I've been at this for days, I'm trying to scrape this website: "https://careers.ispor.org/jobseeker/search/results/". I've got everything covered, from the script that will extract the information in every job page to the script that counts how many pages are there, but in order to get the individual links of every job posting, I need to loop through the pages containing 25 listings each, but THAT is the problem:
Here's my code so far, I got the first page's data successfully using this:
from zenrows import ZenRowsClient
client = ZenRowsClient("the_api_key_i_got_from_the_trial_account")
url = "https://careers.ispor.org/jobseeker/search/results"
params = {"js_render":"true","premium_proxy":"true"}
response = client.get(url, params=params)
soup = BeautifulSoup(response.content, 'html.parser')
after that I've been trying to replicate the ajax request that I inspected when I clicked on the "next page" button, but the result I keep getting only mimics having gone to the next page while the job postings on the returned result are of the first page:
data = {
'page': '2',
'pos_flt': '0',
'location_autocomplete': 'true',
'radius': '320',
'ajaxRequest': '1',
'user_latlong': 'lat=33.874698638916$long=10.102299690247',
"js_render": "true",
"premium_proxy": "true"
}
cookies = {
'AWSALB': "e6+c5w9IR/N4+ERov3onMB85zlZbl+mughxR4zfjLRLMoq9SJwBHTesVwdSAoTLuK88spU0tbqTVZ8jI7NGHLxMo/7Q+DefZBboxMZDGRMLBY60+HRQaBnKOYDhJ",
'AWSALBCORS': "e6+c5w9IR/N4+ERov3onMB85zlZbl+mughxR4zfjLRLMoq9SJwBHTesVwdSAoTLuK88spU0tbqTVZ8jI7NGHLxMo/7Q+DefZBboxMZDGRMLBY60+HRQaBnKOYDhJ",
'JTSUBREF': "careers.ispor.org",
'datadome': "pn970laC_lalBETD5NWHB~pVKYYLrP2fg9_1JlfW1POc~Ny5Usr37BfuNP1UiAl3kCxoOA7z0Pvlwo69rK5WBre5T9znj0U3p55vC_mMGn1w56eqcSU1eWpla3DYLyJb"
}
headers = {
'authority': 'careers.ispor.org',
'method': 'GET',
'path': '/c/@search_results/controller/includes/search_jobs.cfm?page=2&pos_flt=0&location_autocomplete=true&radius=320&ajaxRequest=1&user_latlong=lat%3D33.874698638916%24long%3D10.102299690247',
'scheme': 'https'
}
response = client.get(url, params=params, headers=headers, cookies=cookies, data=data)

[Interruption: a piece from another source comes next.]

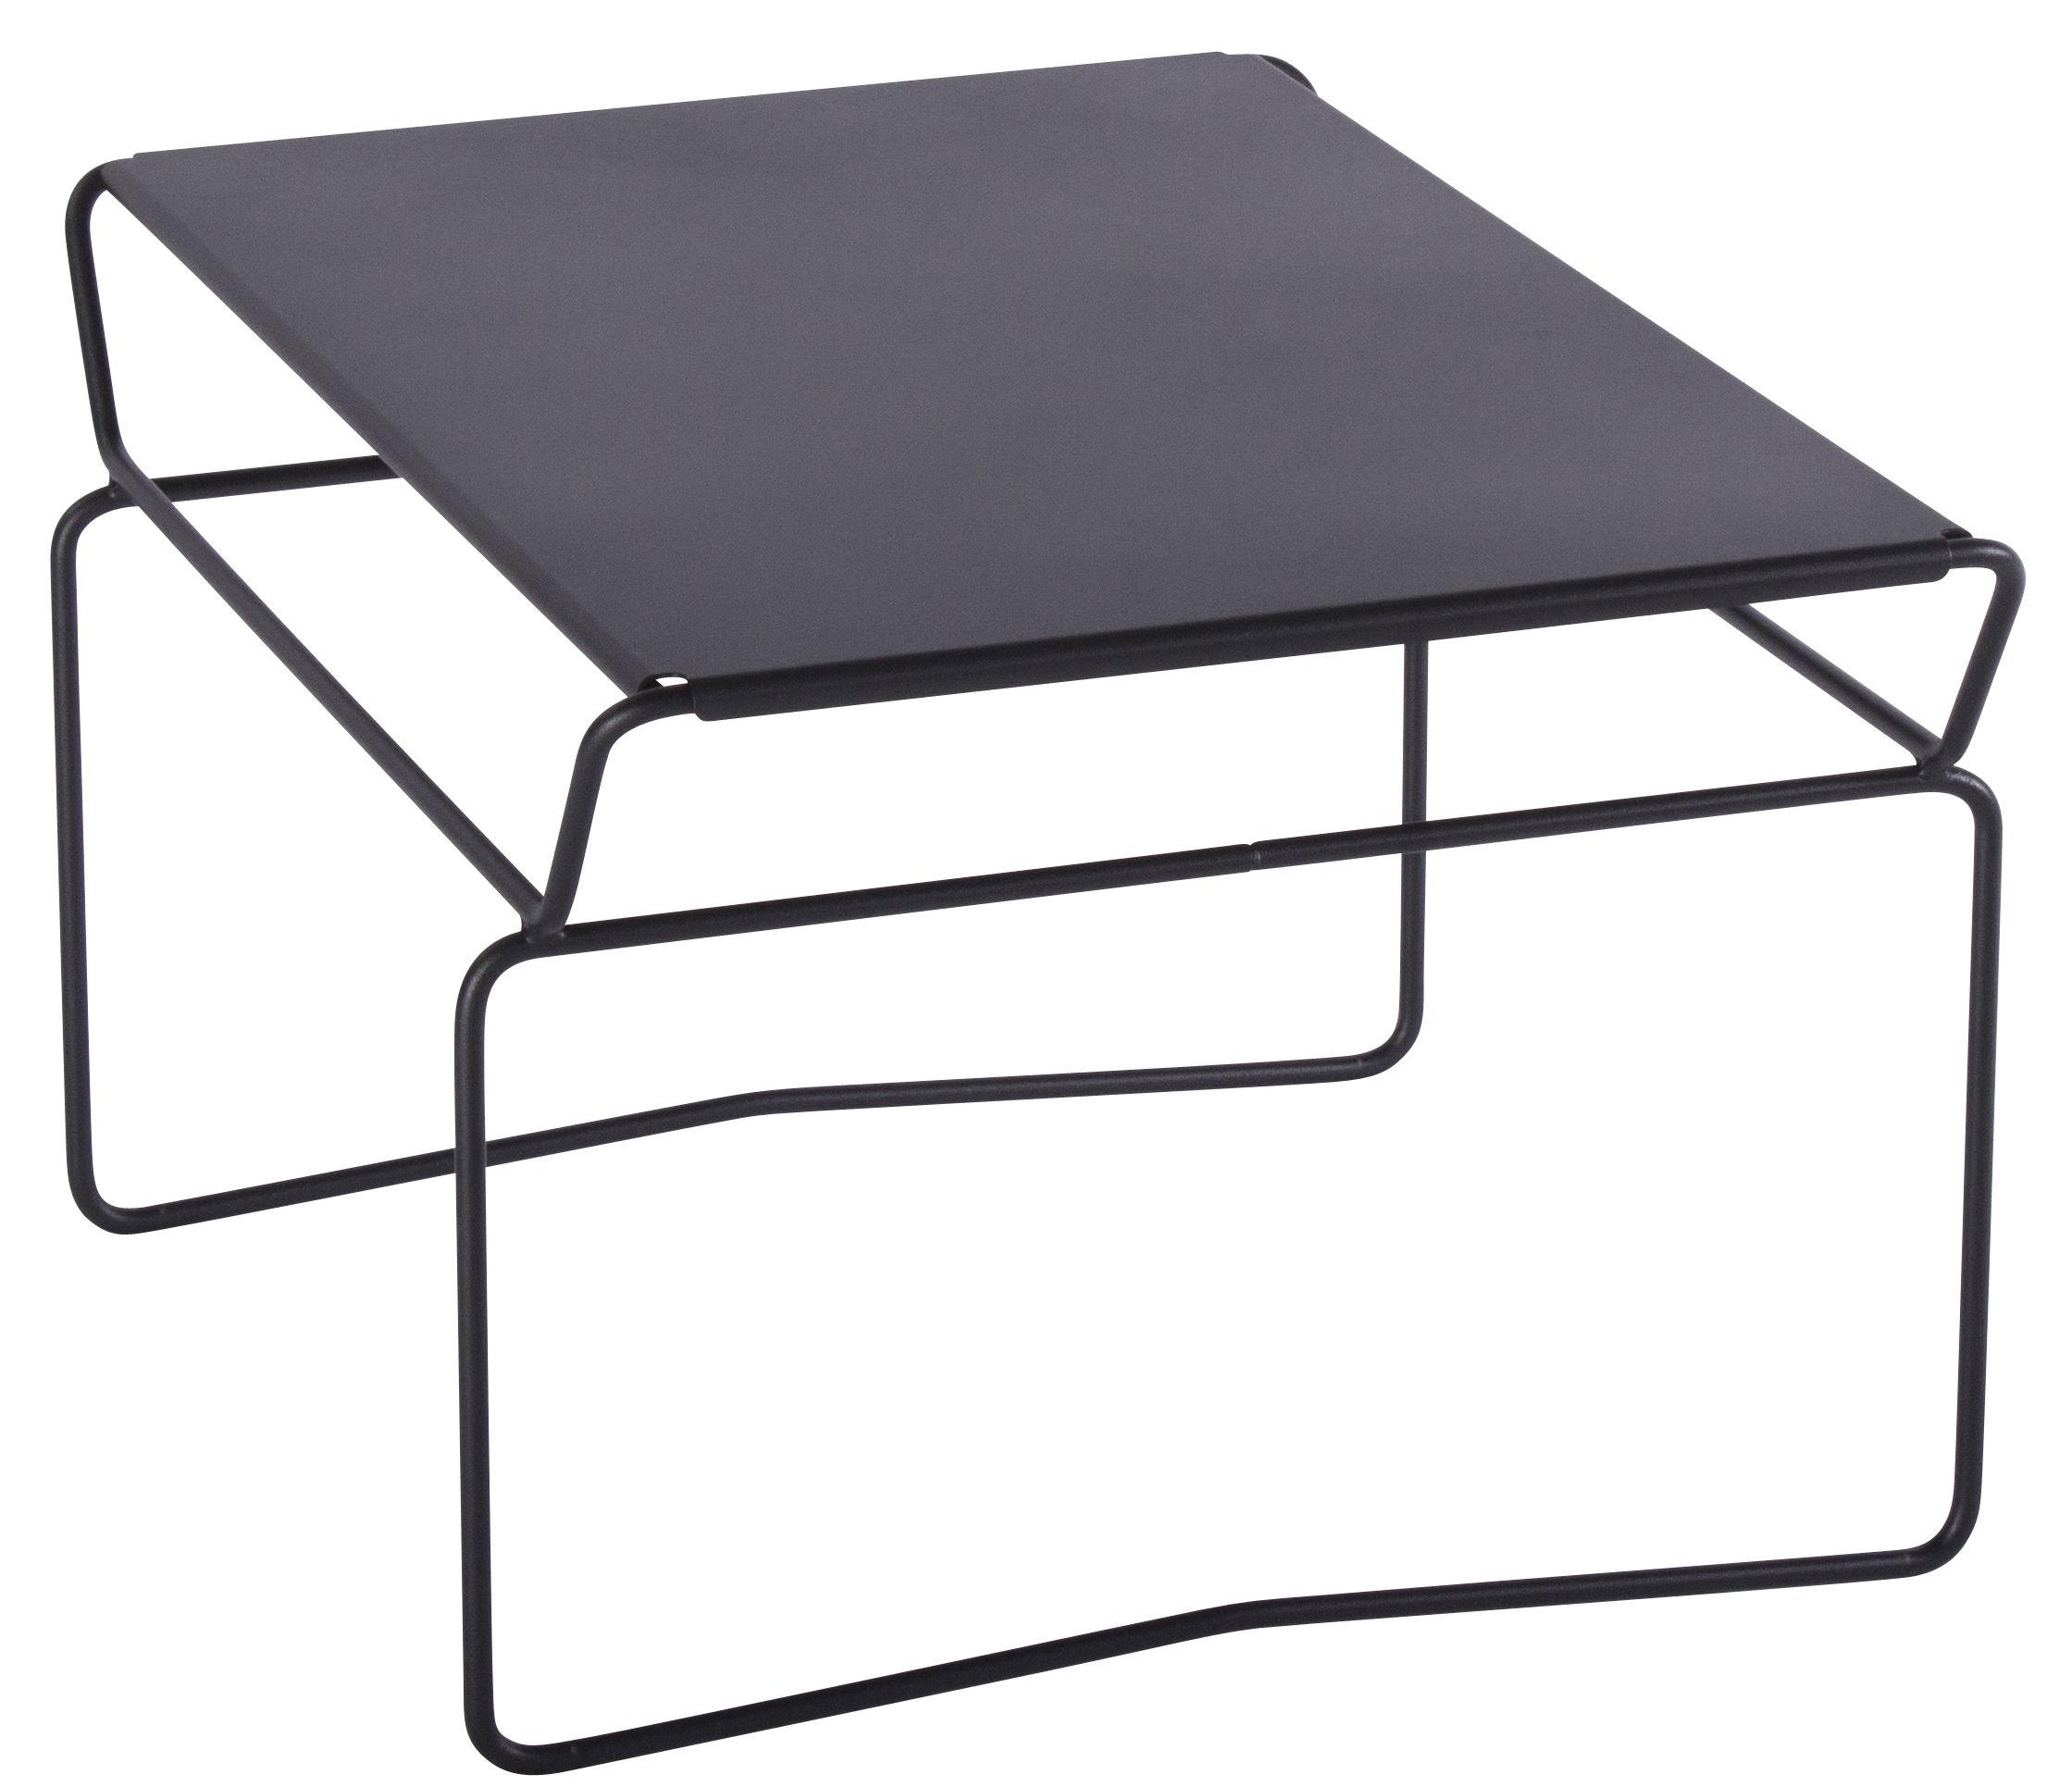 Mobilier - Tables basses - Table basse Fil Master / 65 x 53 cm - AA-New Design - Plateau Noir / Structure Noire - Acier laqué époxy

soup2 = BeautifulSoup(response.content, 'html.parser')
You don't need Zenrows for this, you can simply replicate the ajax requests. Here's a quick example:
import requests
from bs4 import BeautifulSoup
import json
def get_jobs_list(page_number):
params = {
'page': page_number,
'pos_flt': 0,
'location_autocomplete': True,
'radius': 320,
'ajaxRequest': 1
}
url = 'https://careers.ispor.org/c/@search_results/controller/includes/search_jobs.cfm'
response = requests.get(url, params=params, headers=headers)
data = response.json()
soup = BeautifulSoup(data['search_results'], 'html.parser')
divs = soup.select('div.job-result-tiles > div[role=button]:not(.candidate-products-promotion-tile)')
names = ['job_id', 'job_Position', 'job_company', 'job_source', 'job_Location']
jobs = [{ n: d.select_one(f'input[name="{n}"]').get('value') for n in names} for d in divs]
return jobs
def get_job_details(job_id, job_source=None):
params = {
'job_id': job_id,
'job_source': job_source,
'site_id': 23051,
'ajaxRequest': 1,
}
url = 'https://careers.ispor.org/c/@search_results/controller/includes/search_job.cfm'
response = requests.get(url, params=params, headers=headers)
data = response.json()
soup = BeautifulSoup(data['job_view'], 'html.parser')
desc = soup.select_one('div.job-description-parent-container')
apply_json = json.loads(soup.select_one('input#applyButtonJson').get('value'))
details = {
'description': desc.get_text(separator='\n').strip(),
'apply_link': apply_json['linkAttr']['href'] if apply_json['link'] else apply_json['modalAttr']['href_email']
}
return details
headers = {
'accept-language': 'en-US,en;q=0.9',
'user-agent': 'Mozilla/5.0 (Windows NT 10.0; Win64; x64) AppleWebKit/537.36 (KHTML, like Gecko) Chrome/128.0.0.0 Safari/537.36',
}
jobs = get_jobs_list(page_number=3)
print(jobs)
# get the datails of a job:
# job_id, job_source = jobs[0]['job_id'], jobs[0]['job_source']
# details = get_job_details(job_id, job_source)
# print(details)